When you reach the line containing "Breda, Netherlands. 22nd" in the data below, begin returning lines exactly as written, and stop once the line containing "Combien de calories" has been returned.

* **Record set**:
|---|
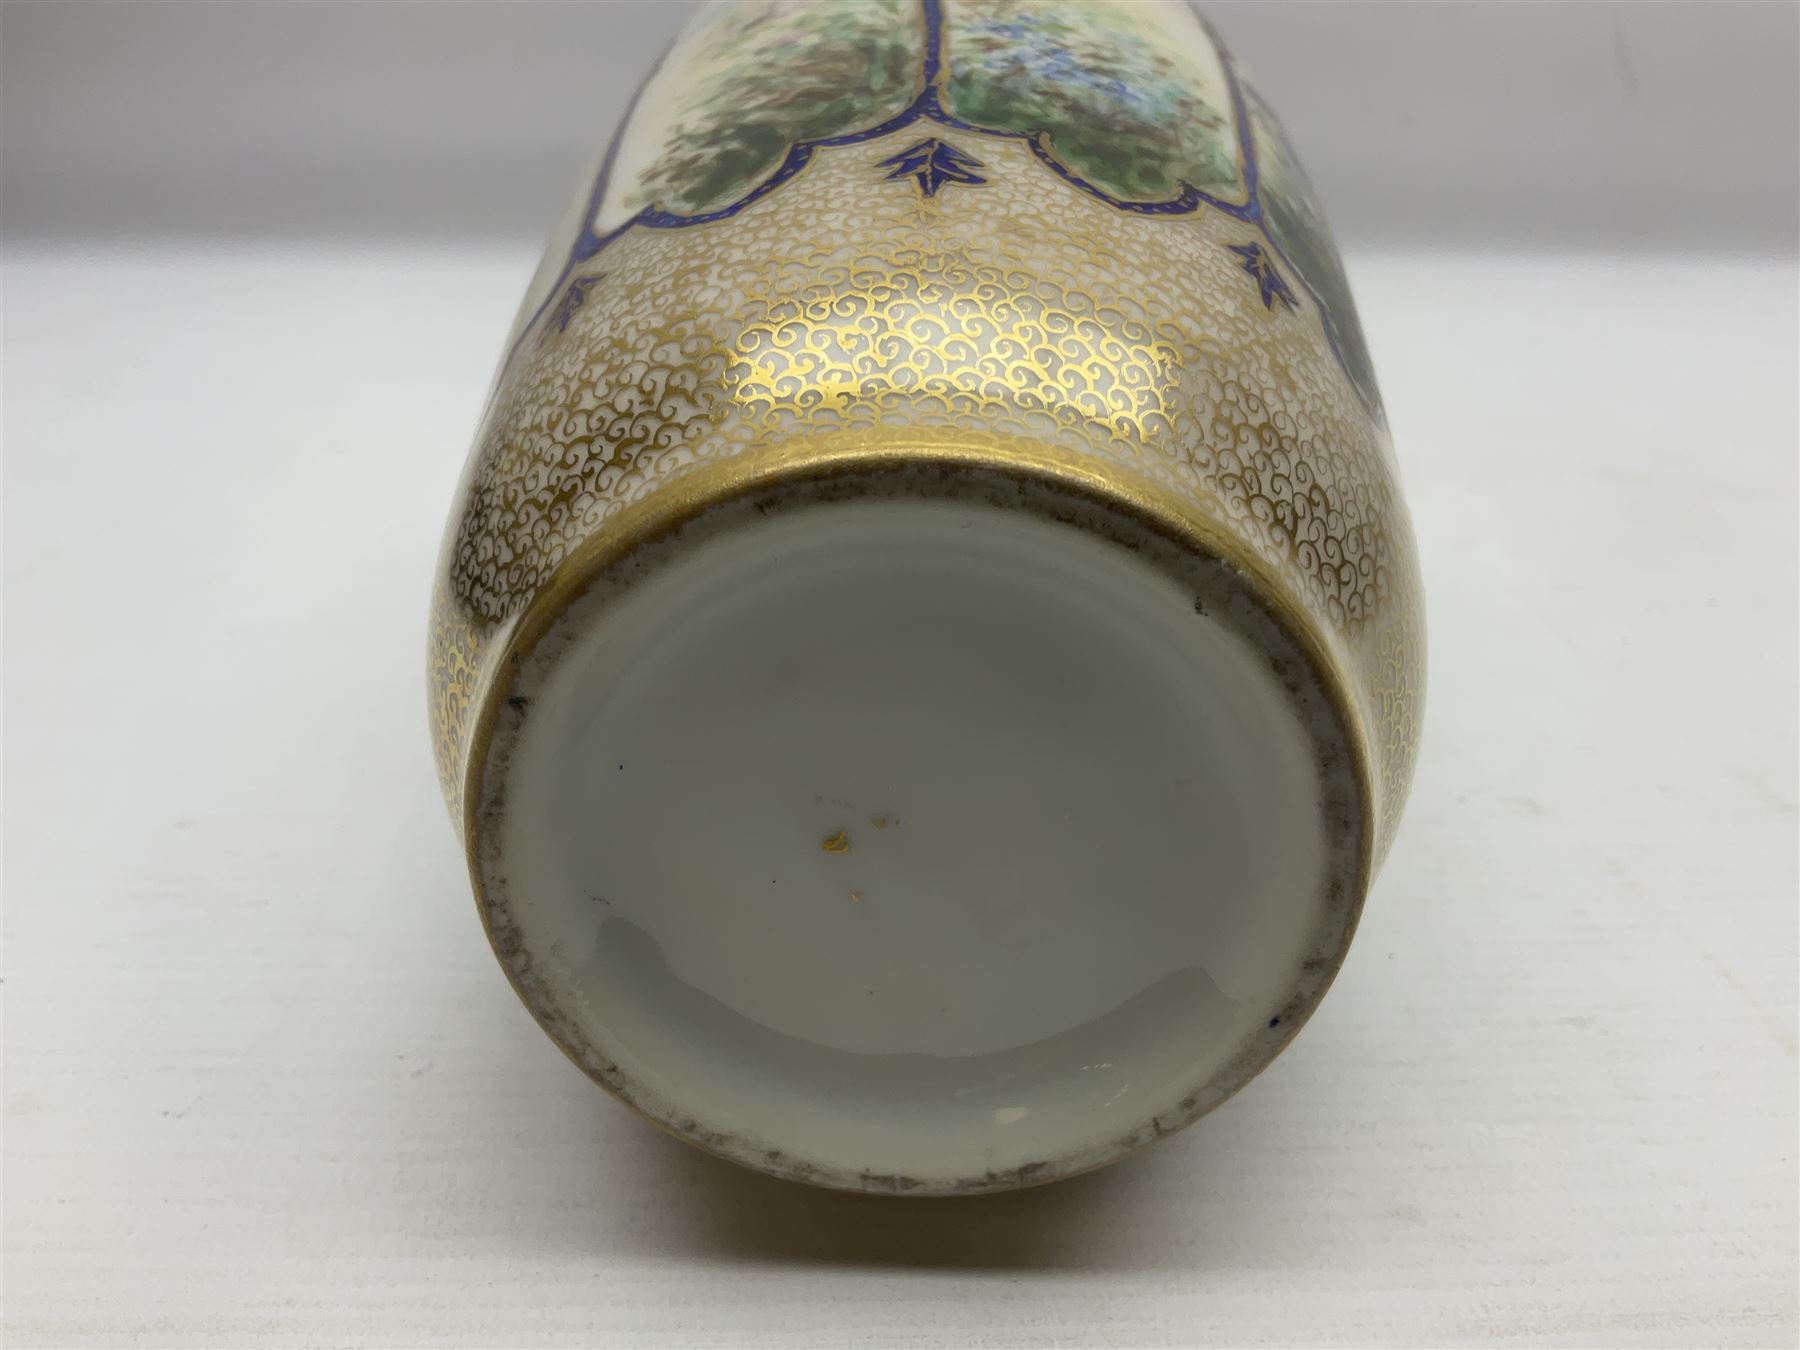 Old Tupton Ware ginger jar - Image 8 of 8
|---|
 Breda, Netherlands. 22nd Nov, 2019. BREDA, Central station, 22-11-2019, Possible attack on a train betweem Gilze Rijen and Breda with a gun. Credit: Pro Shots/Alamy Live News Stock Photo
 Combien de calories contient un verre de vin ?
|---|
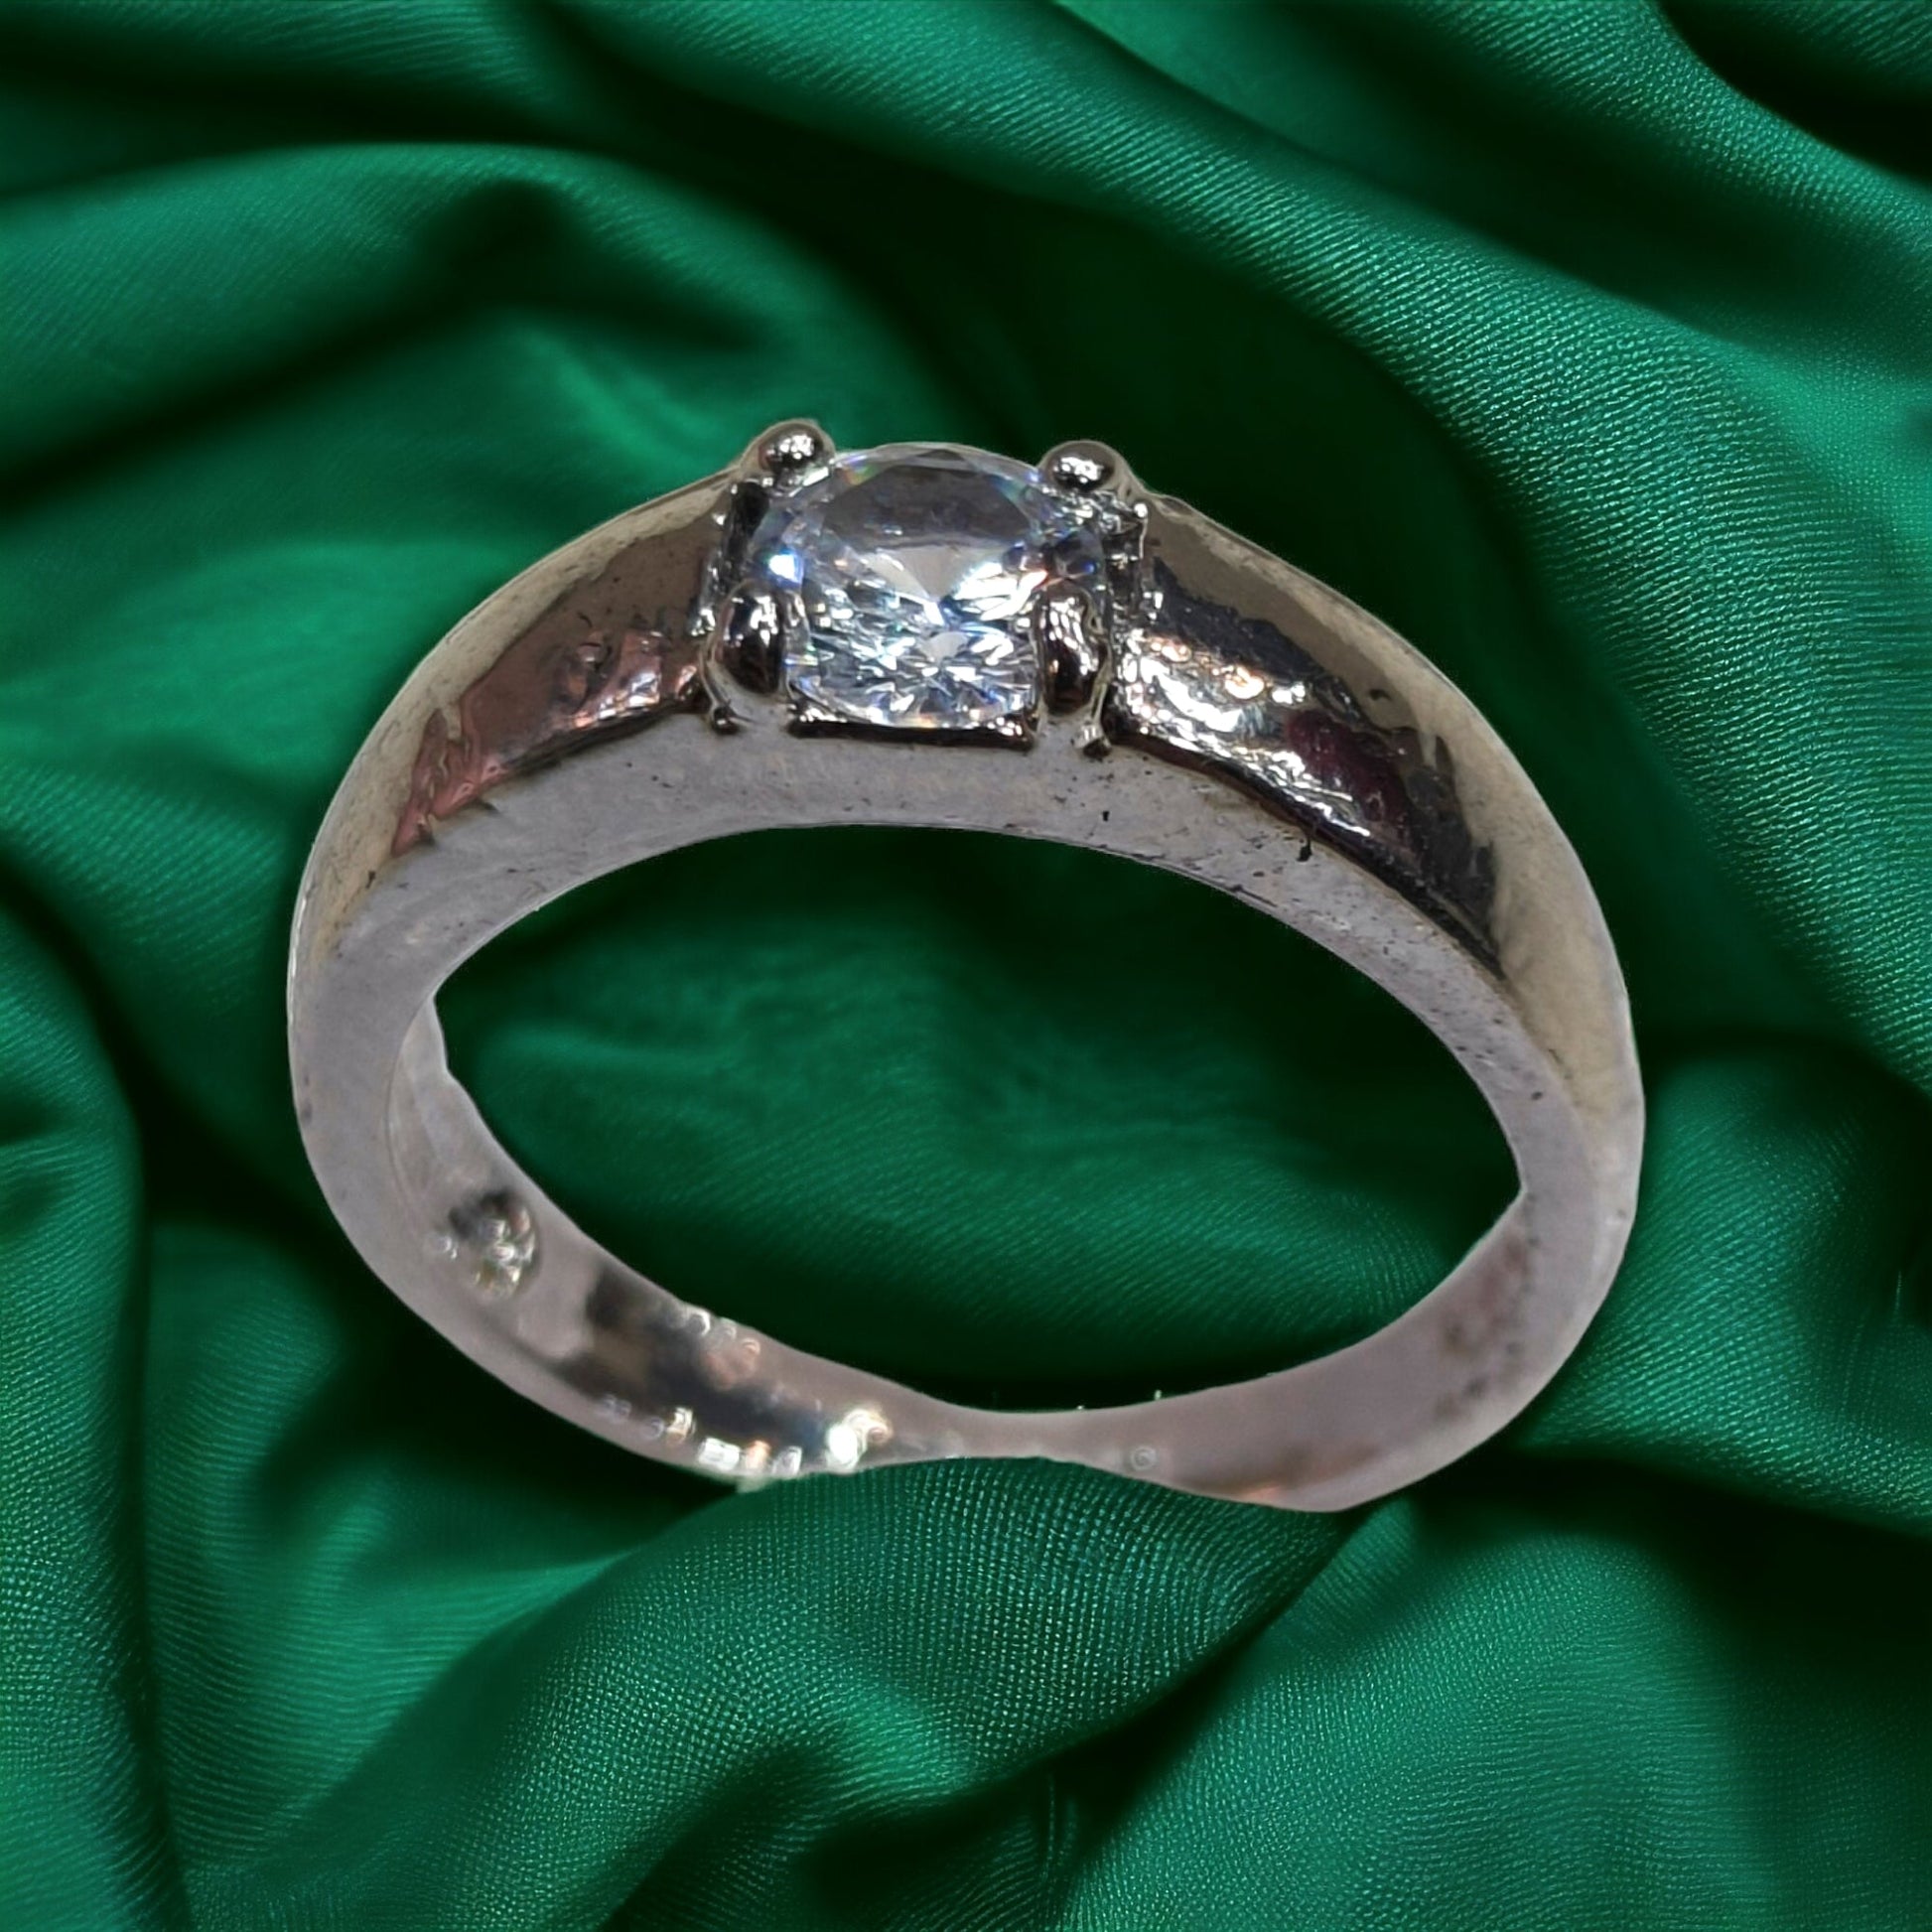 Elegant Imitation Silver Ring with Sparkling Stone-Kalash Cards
|---|
* **Solution for this exercise**:
 Breda, Netherlands. 22nd Nov, 2019. BREDA, Central station, 22-11-2019, Possible attack on a train betweem Gilze Rijen and Breda with a gun. Credit: Pro Shots/Alamy Live News Stock Photo
 Combien de calories contient un verre de vin ?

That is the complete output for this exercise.